As I write this I can imagine a few worries which some of you may have - or which may surface as accusations against members doing public scrutiny. Here are my answers, which I hope you'll agree with and use when appropriate:

  1. Aren't you just wasting everyone's time and Public money?
    Well - you are certainly occupying a public servant's time, and they'll be earning a salary financed through public funds. So you should use their time efficiently by preparing your correspondences well. If you're asking frivolous questions you are wasting time & money. But if you are a tax-paying citizen with a genuine interest, or a suspicion you want to pursue, you have a right to do so. I might even go as far as saying you have an obligation to do so.
  2. What Good will all this Do?
    There are several real benefits:
    • You will be given information which will help you to understand issues of legitimate public interest.
    • That information may allow you to further an investigation which may expose problems which ought to be made public. That exposure may go on to cause corrective actions to be taken within the public body, and in other bodies who may be observing events.
    • You will be showing public bodies that they can and will be called to account for their actions in the service of the public.
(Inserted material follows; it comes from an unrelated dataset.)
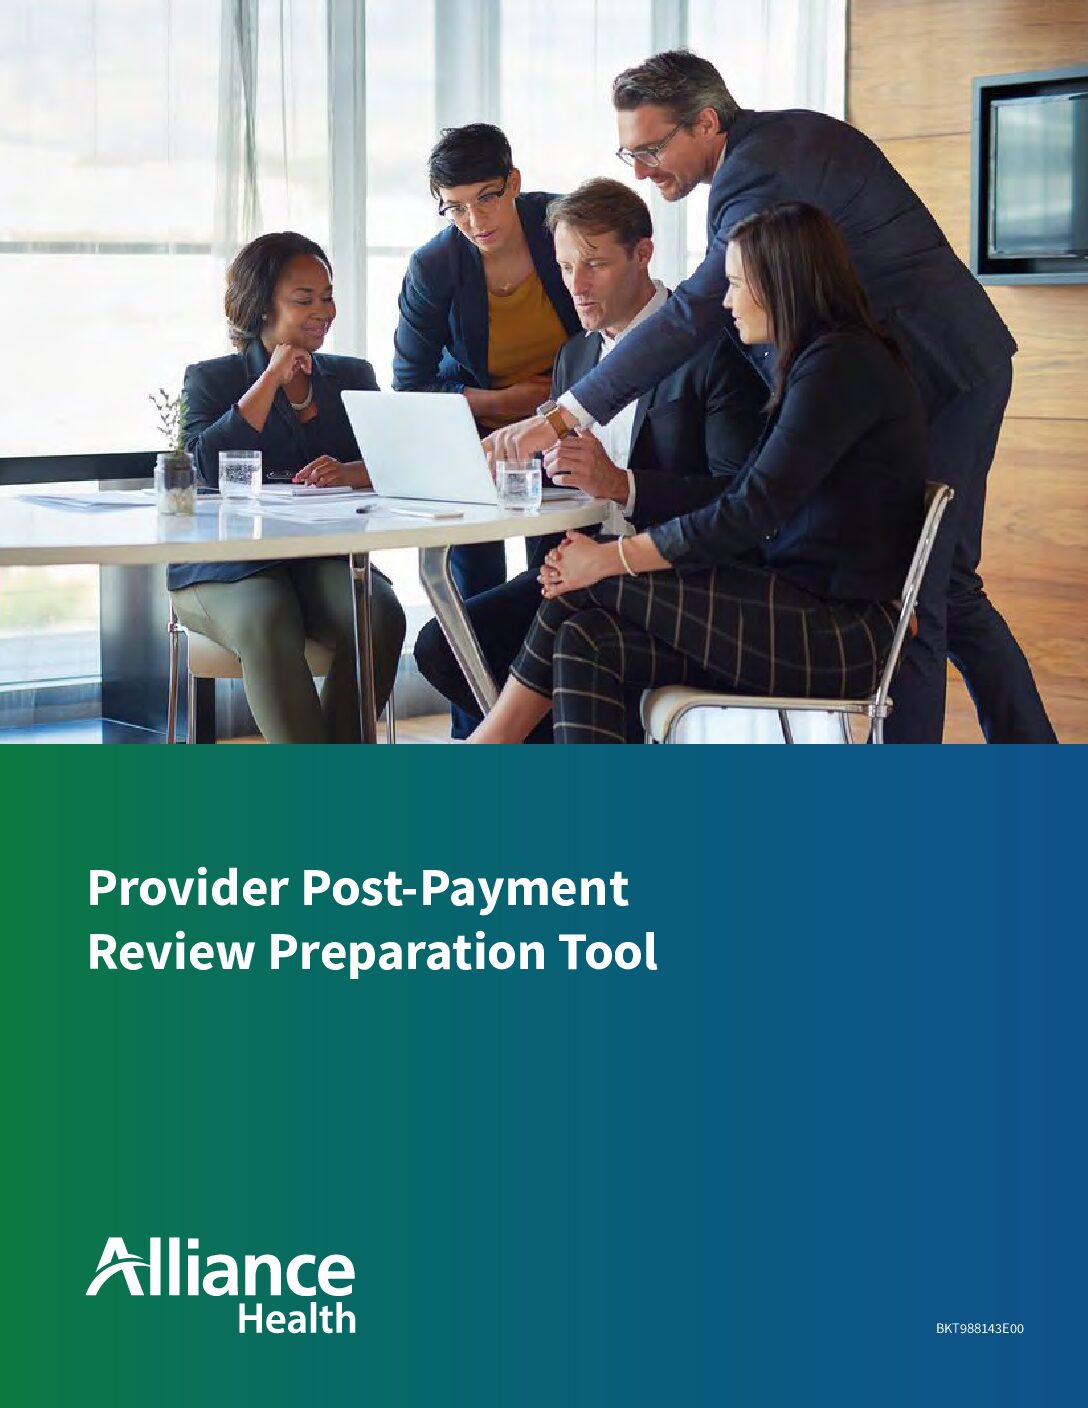 Provider Post-Payment Review Preparation Tool
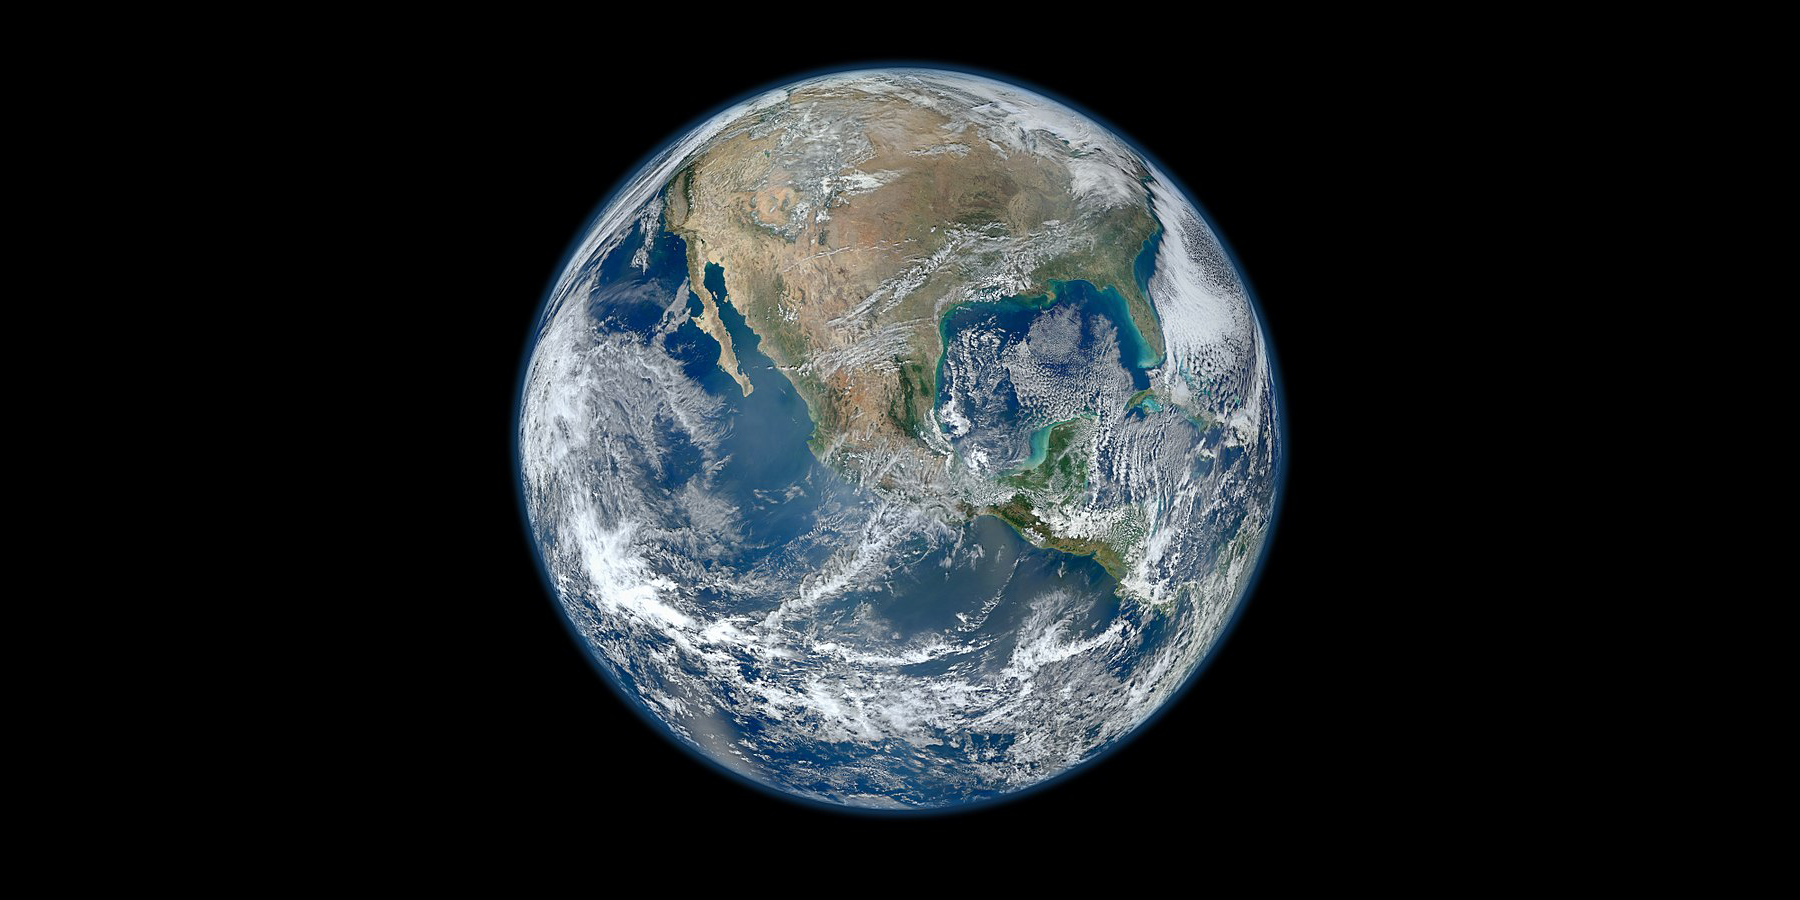 Photograph of Earth from space

This will have beneficial effects.
  3. Don't you Have Anything Better to Do?
    I have plenty of other things to do, but scrutinising important aspects of government in action is what I have carefully chosen to invest some of my precious time in doing.

Conclusion
So there it is. Public Bodies conduct the work of running our society on our behalf and at our expense. If we want to understand more, we have a right to be given the relevant information.

So the next time you wonder why the rates just went up 17%, or you see a minister glossing over another disaster, or you don't like what they're doing at your daughter's school or you wonder why you haven't seen a policeman on foot in three years, exercise your right to scrutinize!